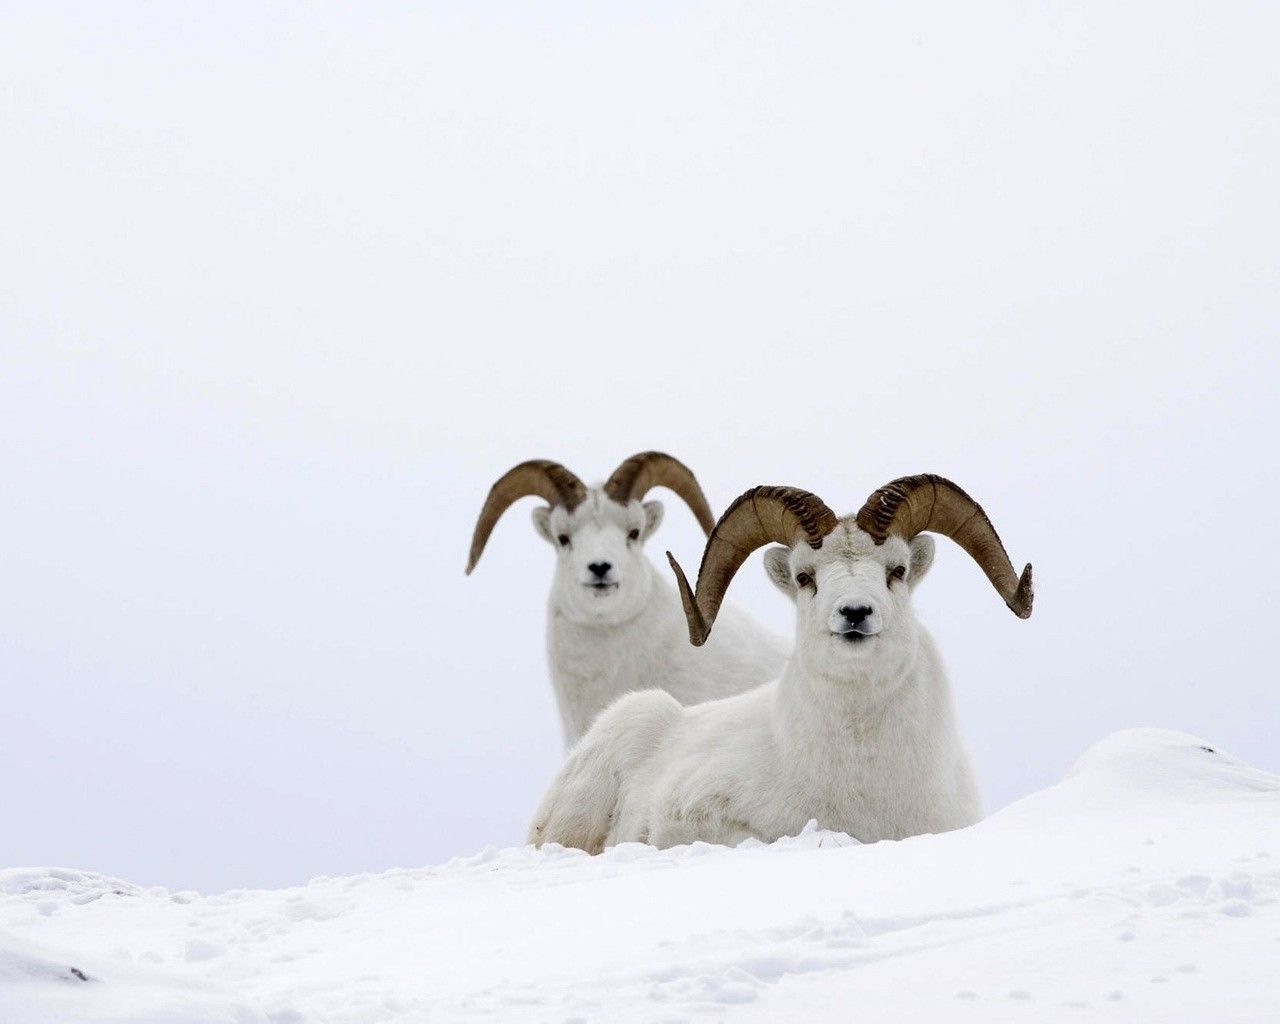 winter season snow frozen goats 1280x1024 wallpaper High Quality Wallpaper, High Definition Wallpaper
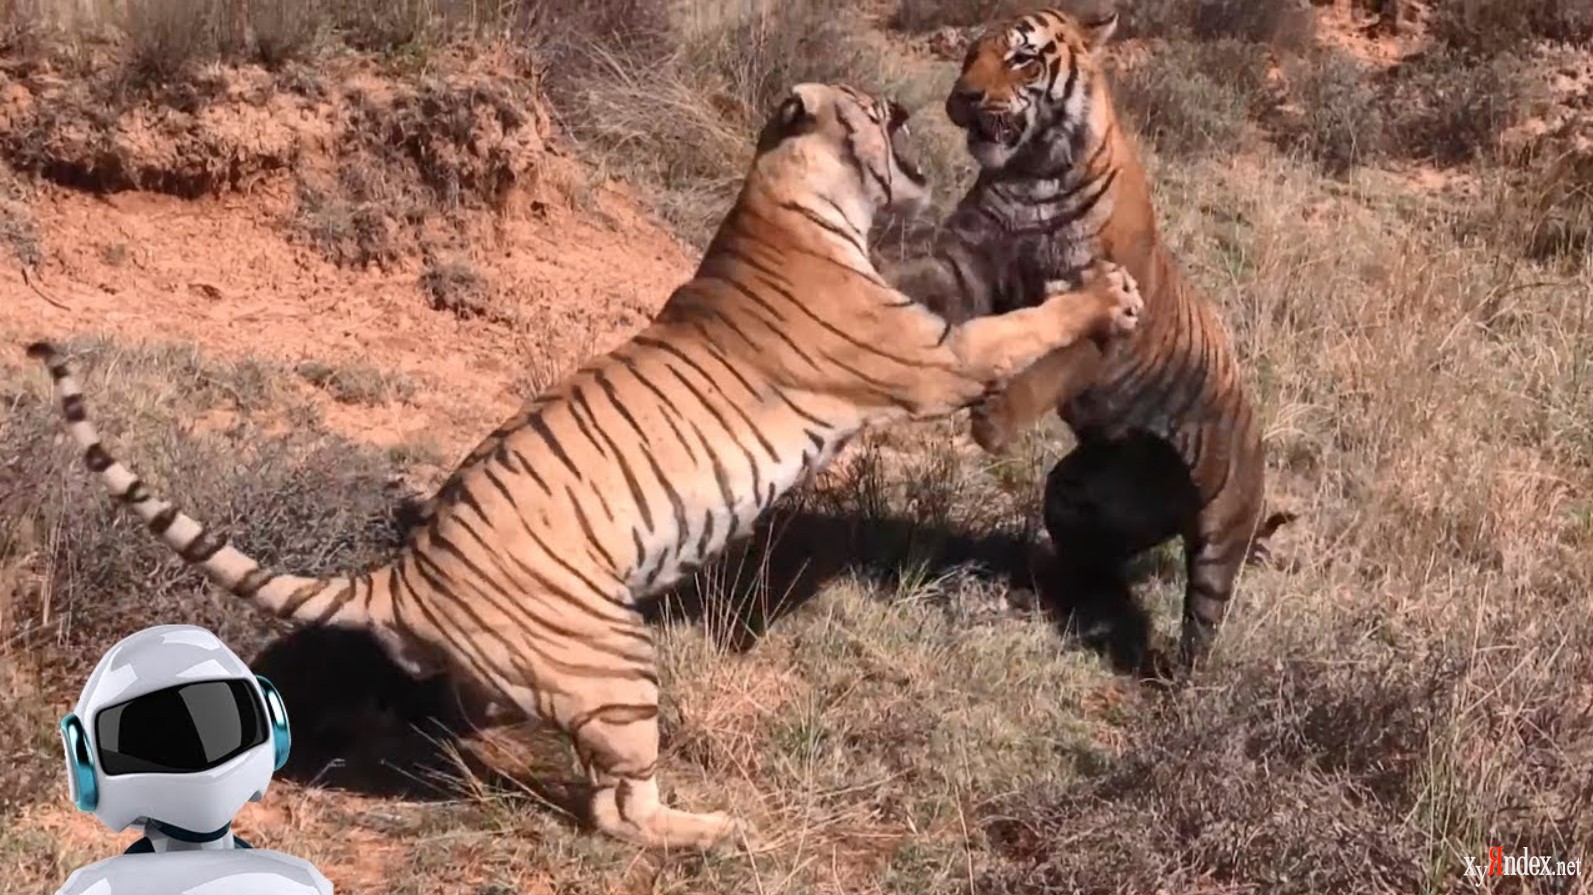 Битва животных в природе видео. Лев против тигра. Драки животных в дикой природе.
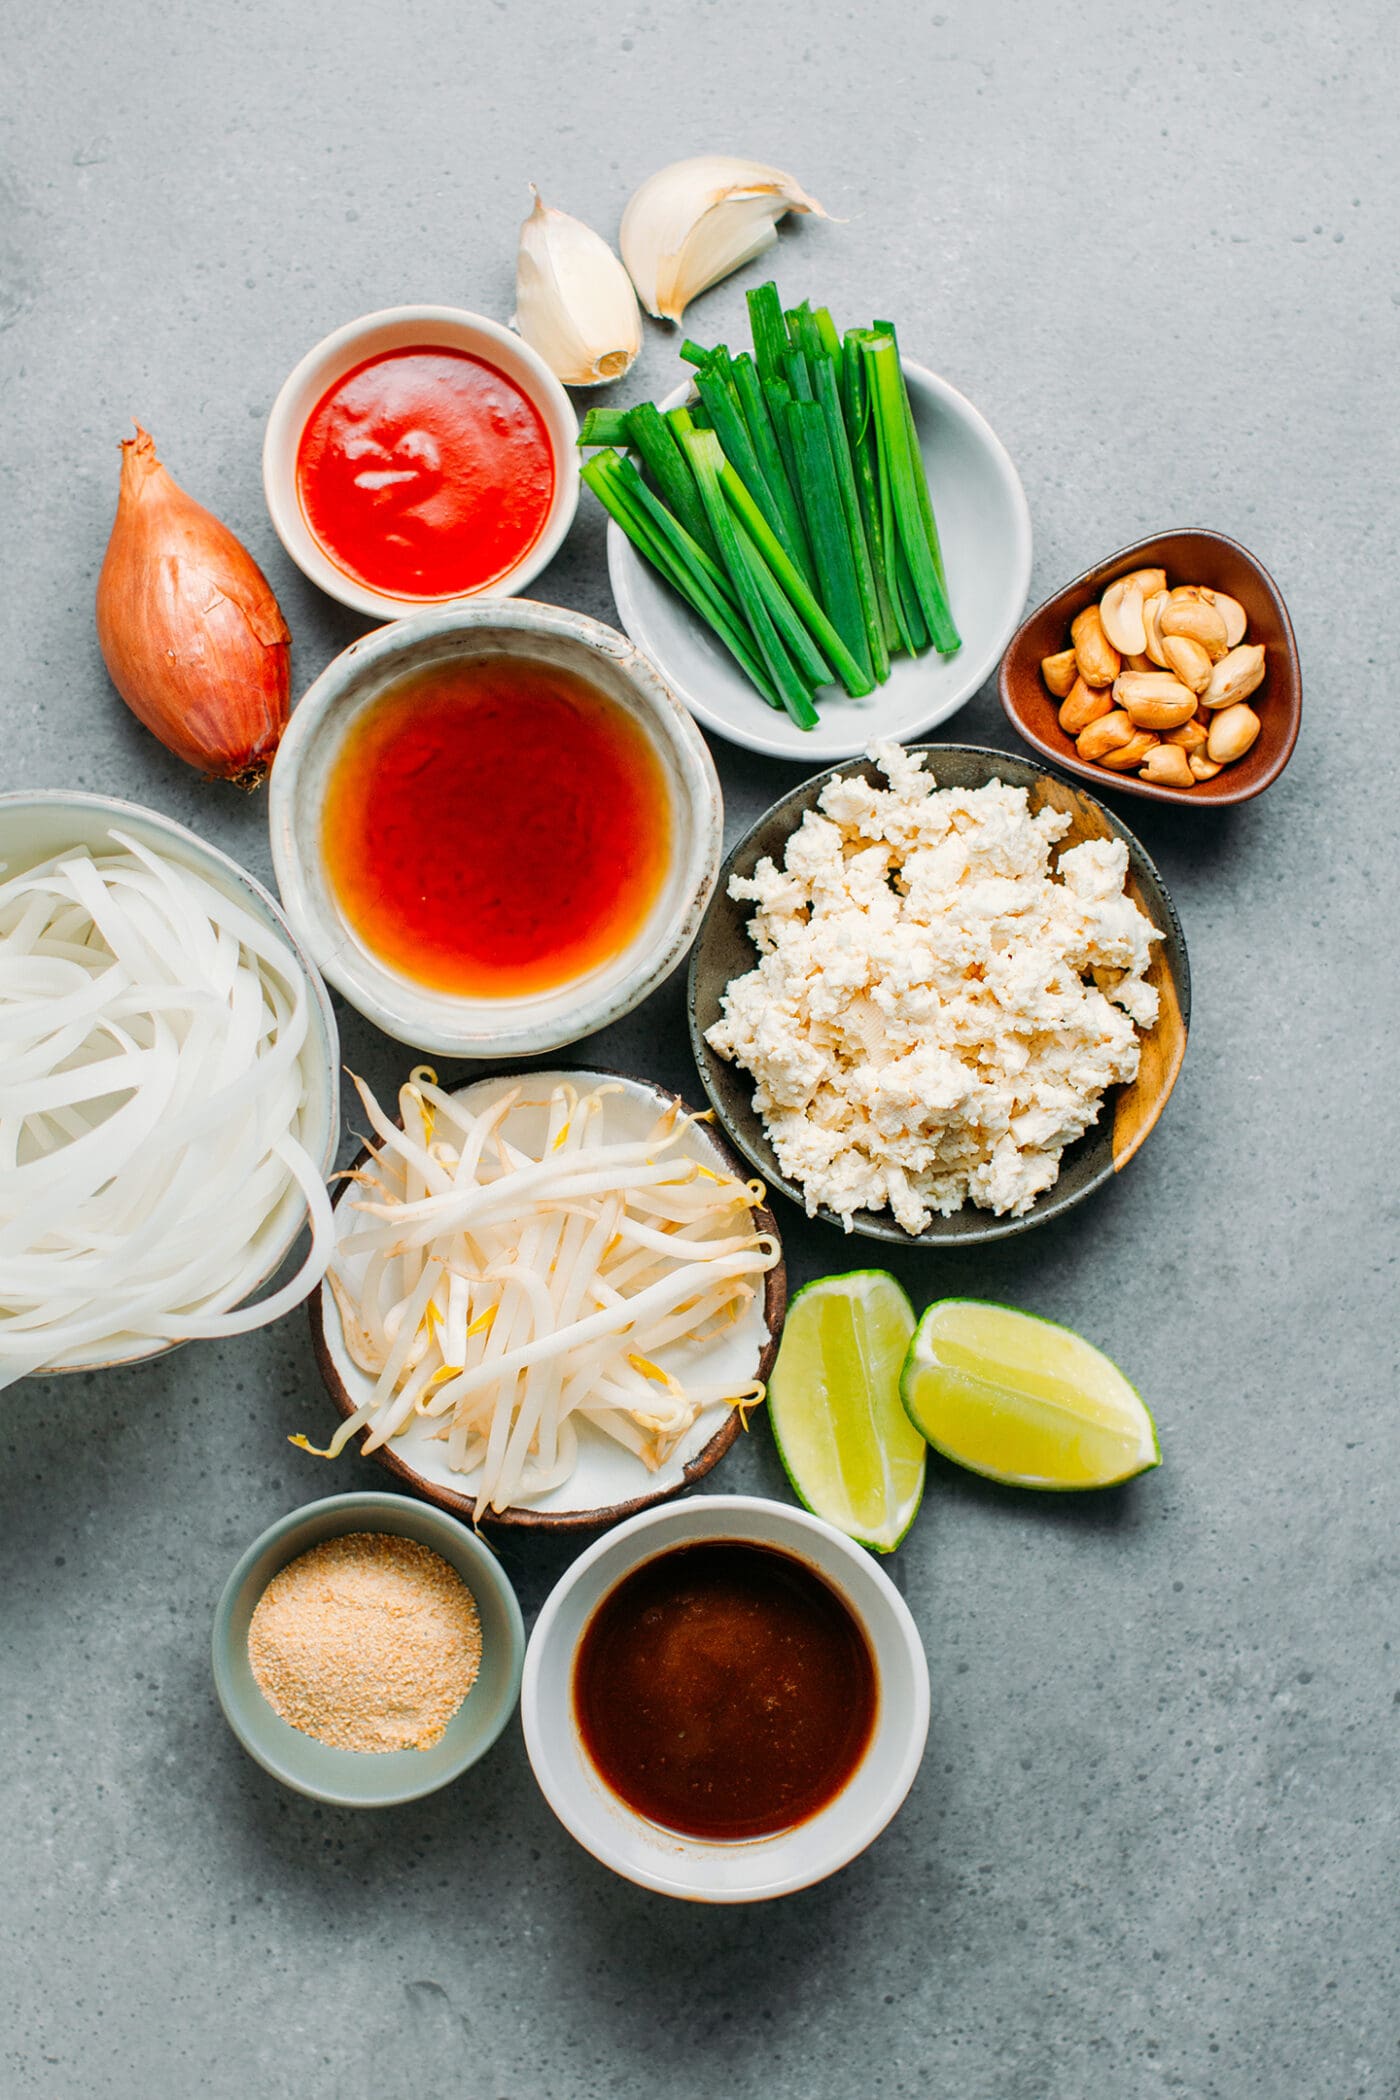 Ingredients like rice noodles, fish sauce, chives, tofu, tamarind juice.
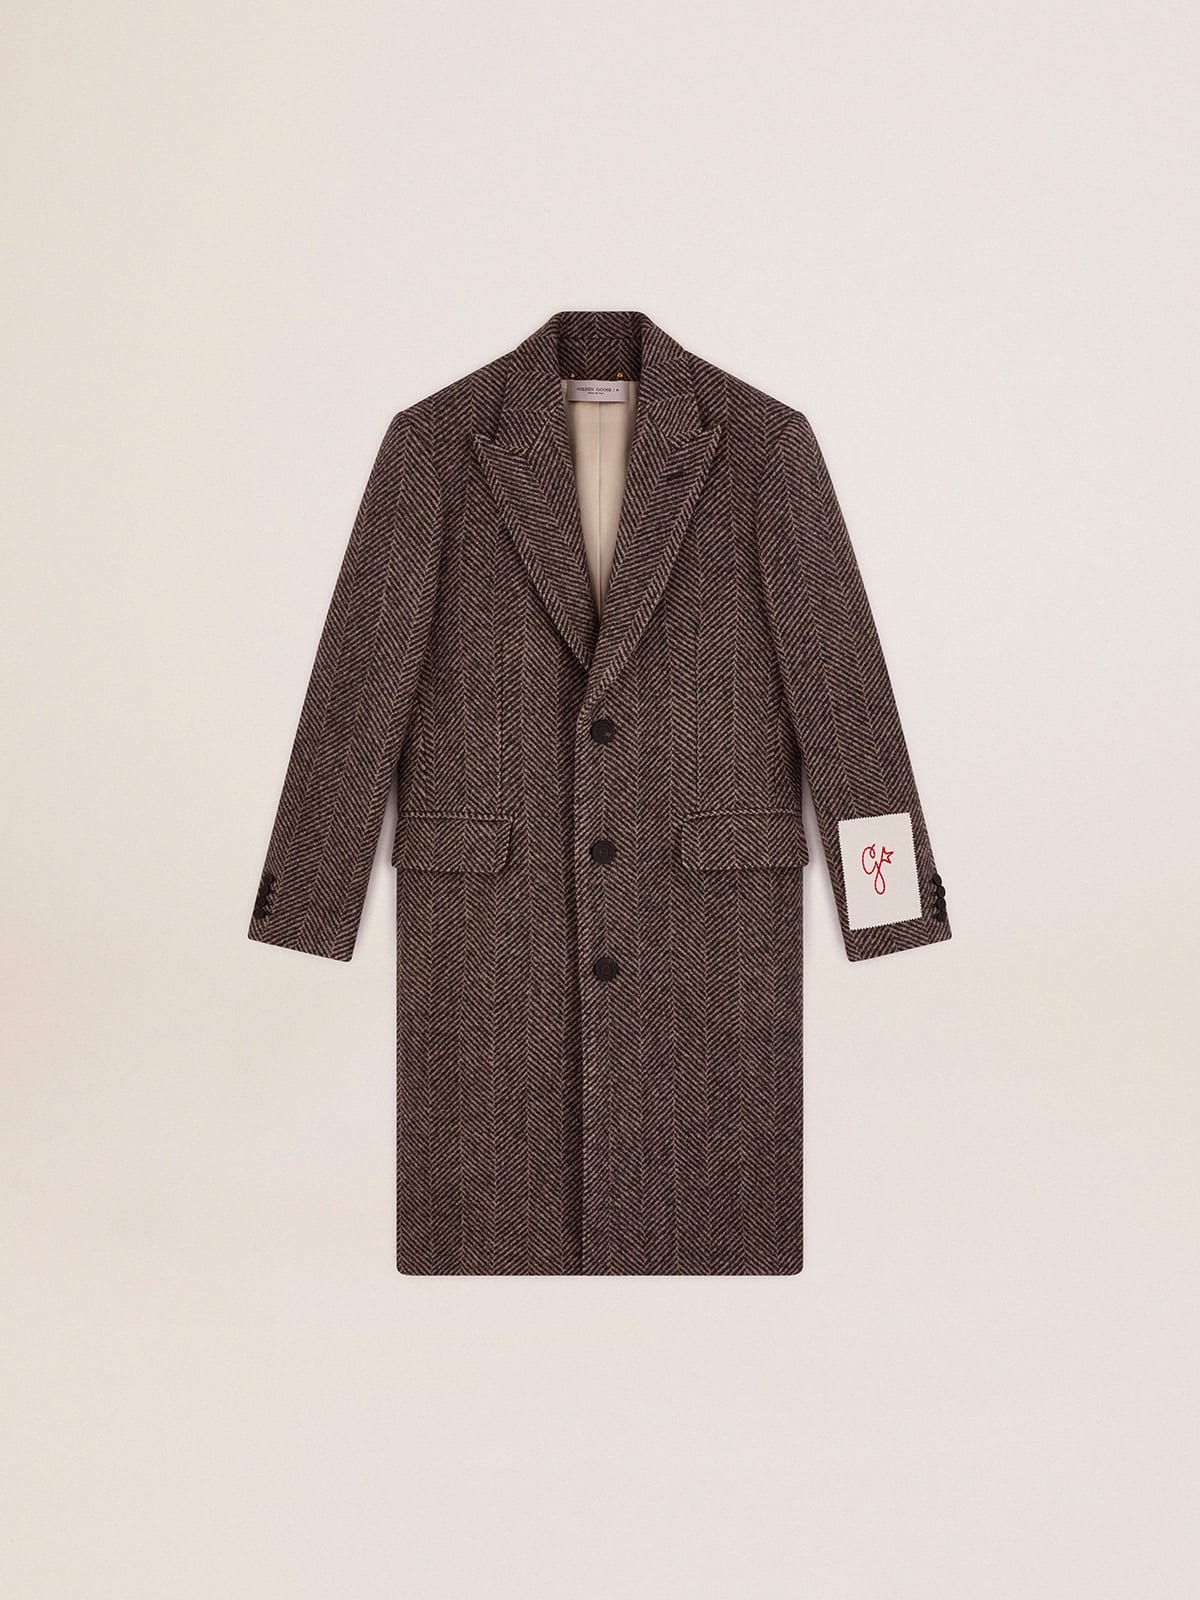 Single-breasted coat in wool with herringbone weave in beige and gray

- **EXERCISE PROMPT**
Without including any picture, set down the listing above exactly as it appears.

- **RESPONSE TO THIS TASK**
 winter season snow frozen goats 1280x1024 wallpaper High Quality Wallpaper, High Definition Wallpaper
 Битва животных в природе видео. Лев против тигра. Драки животных в дикой природе.
 Ingredients like rice noodles, fish sauce, chives, tofu, tamarind juice.
 Single-breasted coat in wool with herringbone weave in beige and gray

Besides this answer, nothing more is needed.